Often, manually entered values do not correspond to fixed categories, but still have some underlying structure, like addresses, names of places or people, dates, telephone numbers, or other identifiers. These kinds of strings are often very hard to parse, and their treatment is highly dependent on context and domain. A systematic treatment of these cases is beyond the scope of this book.

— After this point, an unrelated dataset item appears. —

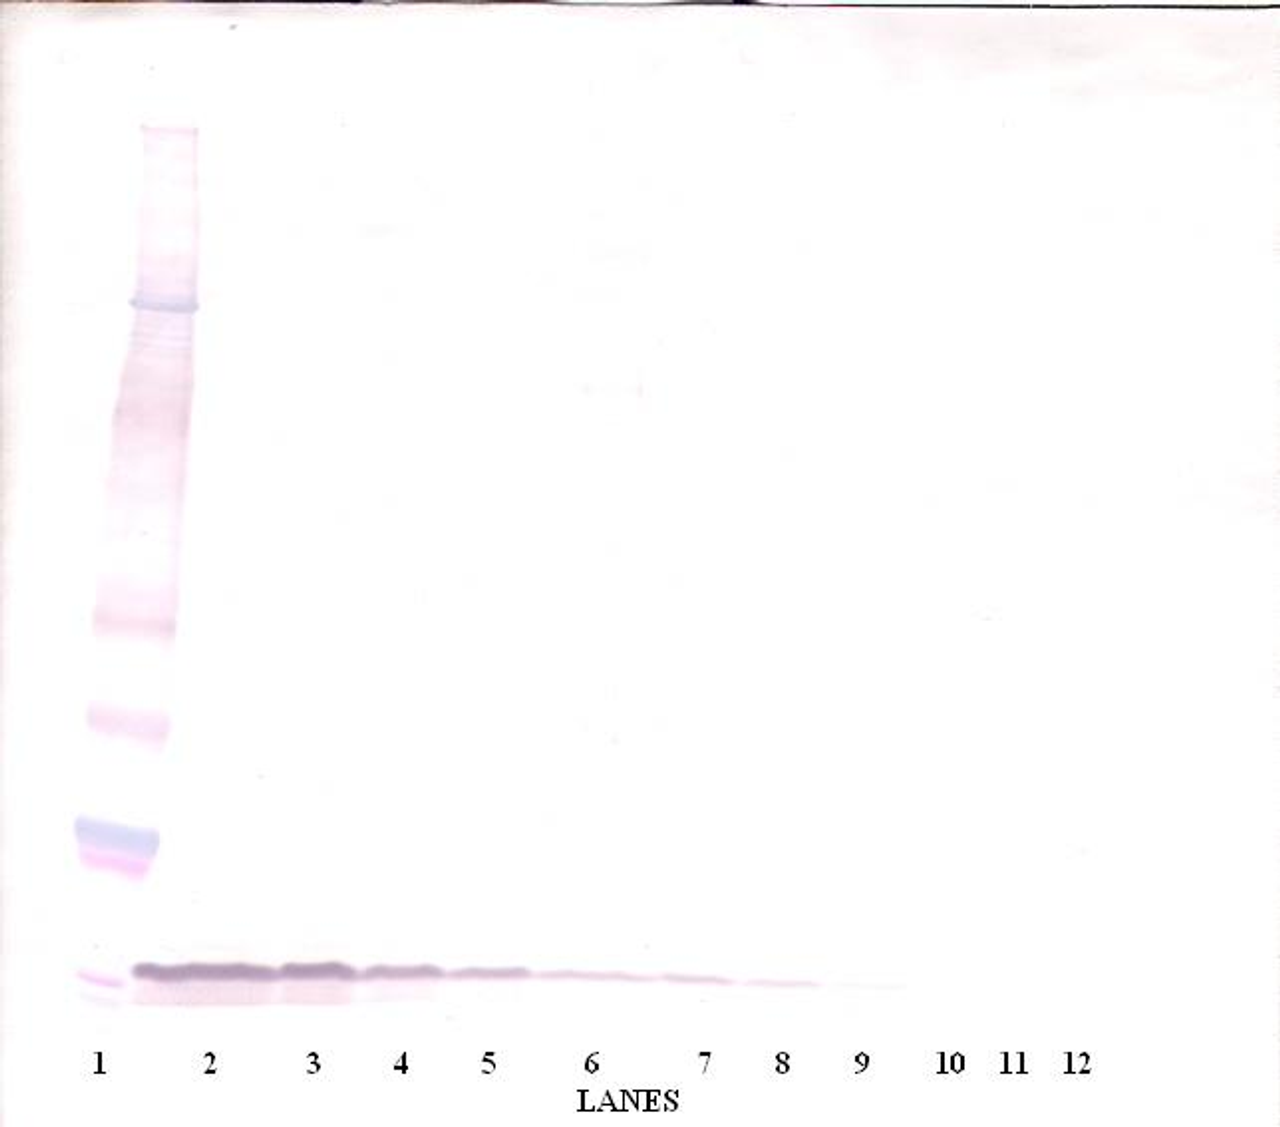 To detect mEGF by Western Blot analysis this antibody can be used at a concentration of 0.1- 0.2 ug/ml. Used in conjunction with compatible secondary reagents the detection limit for recombinant mEGF is 1.5-3.0 ng/lane, under either reducing or non-reducing conditions.

The final category of string data is freeform text data that consists of phrases or sentences. Examples include tweets, chat logs, and hotel reviews, as well as the collected works of Shakespeare, the content of Wikipedia, or the Project Gutenberg collection of 50,000 ebooks. All of these collections contain information mostly as sentences composed of words.1 For simplicity’s sake, let’s assume all our documents are in one language, English.2 In the context of text analysis, the dataset is often called the corpus, and each data point, represented as a single text, is called a document. These terms come from the information retrieval (IR) and natural language processing (NLP) community, which both deal mostly in text data.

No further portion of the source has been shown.